Prices in 70 major cities climbed 10.3 per cent from a year earlier, the statistic bureau's newspaper, China Information News, reported yesterday. That was less than an 11.4 per cent increase in June.
China's banking regulator said last week that the Government would maintain policies to cool the property market, dampening speculation that slowing economic growth would encourage an easing of the measures.
The regulator has told lenders to conduct stress tests to gauge the impact of home prices falling as much as 60 per cent in the hardest-hit markets.
The China Banking Regulatory Commission said last week that the stress tests didn't reflect the watchdog's outlook on the nation's real-estate market.
On the southern tropical island of Hainan, prices in the city of Sanya rose 50.4 per cent in July from a year earlier, the biggest increase in the country, while sliding 1.3 per cent from the previous month. In Beijing, the gain was 12.4 per cent from the same month in 2009.
In Shanghai, the increase was 6.8 per cent.
The value of July property sales fell 19.3 per cent to 306.6 billion yuan ($45.3 billion) from a year earlier.
By floor area, the decline was 15.4 per cent to 64.7 million sq m.
Restrictions imposed by the Government include higher down-payment and mortgage rates for multiple-home buyers and instructions for lenders to halt third-home loans in areas with "excessive price gains".
Price increases have slowed from 12.8 per cent in April, a record for the data series, which began in 2005.
Prices were unchanged in July from June, following a 0.1 per cent month-on-month decline in June that was the first decrease in 16 months.
The Government may take "a cautious approach to any further tightening of the property market, especially as the pace of growth has moderated and the US economy's outlook remains uncertain", said ANZ economist Liu Li-Gang.

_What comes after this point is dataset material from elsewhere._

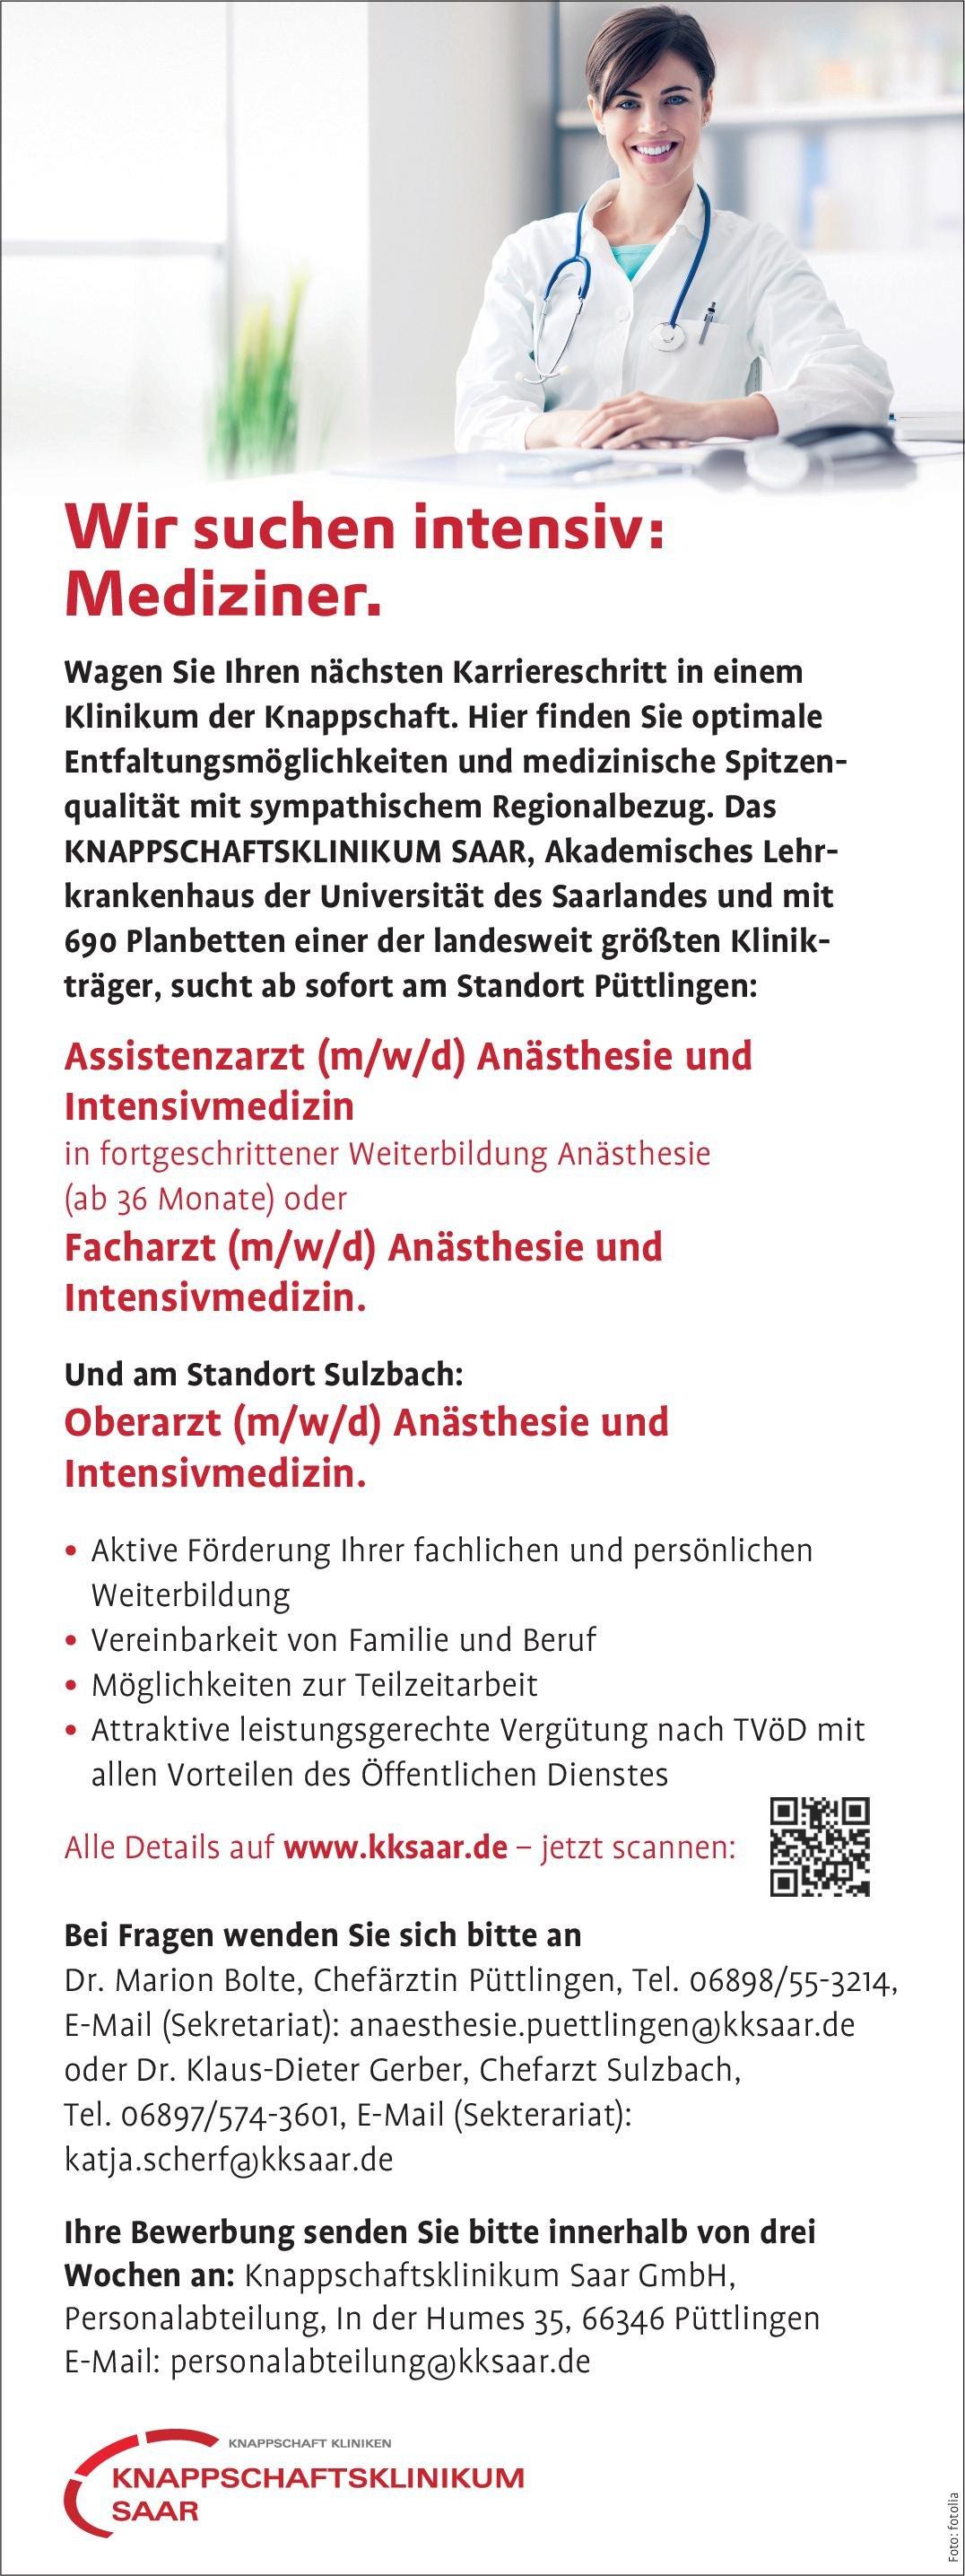 KNAPPSCHAFTSKLINIKUM SAAR Oberarzt (m/w/d) Anästhesie und Intensivmedizin Anästhesiologie / Intensivmedizin Oberarzt

Investment in real-estate development rose 37.2 per cent to 2.39 trillion yuan in the first seven months of the year from a year earlier, the statistics bureau newspaper said.
That compared with 33 per cent from July alone and a 38.1 per cent gain in the first six months, China's property market is beginning a "collapse" that will hit the nation's banking system, Kenneth Rogoff, a Harvard University professor and former chief economist of the International Monetary Fund, said last month.
In contrast, Stephen Roach, Asia chairman of Morgan Stanley, sees a "micro bubble" confined to luxury properties and Zhang Xin, billionaire chief executive officer of developer Soho China, said: "I don't see any bubbles."
Results from previous stress tests show that the ratio of non-performing real estate loans among Chinese lenders would rise by 2.2 percentage points if home prices drop 30 per cent and interest rates rise by 108 basis points, the person with knowledge of the tests said, declining to be identified because the regulator's requirement hasn't been publicly announced.
Pretax profits would fall 20 per cent under that scenario.
A basis point is 0.01 percentage point.
China's new property loans dropped 26 per cent in the first six months from a year earlier, central bank data show.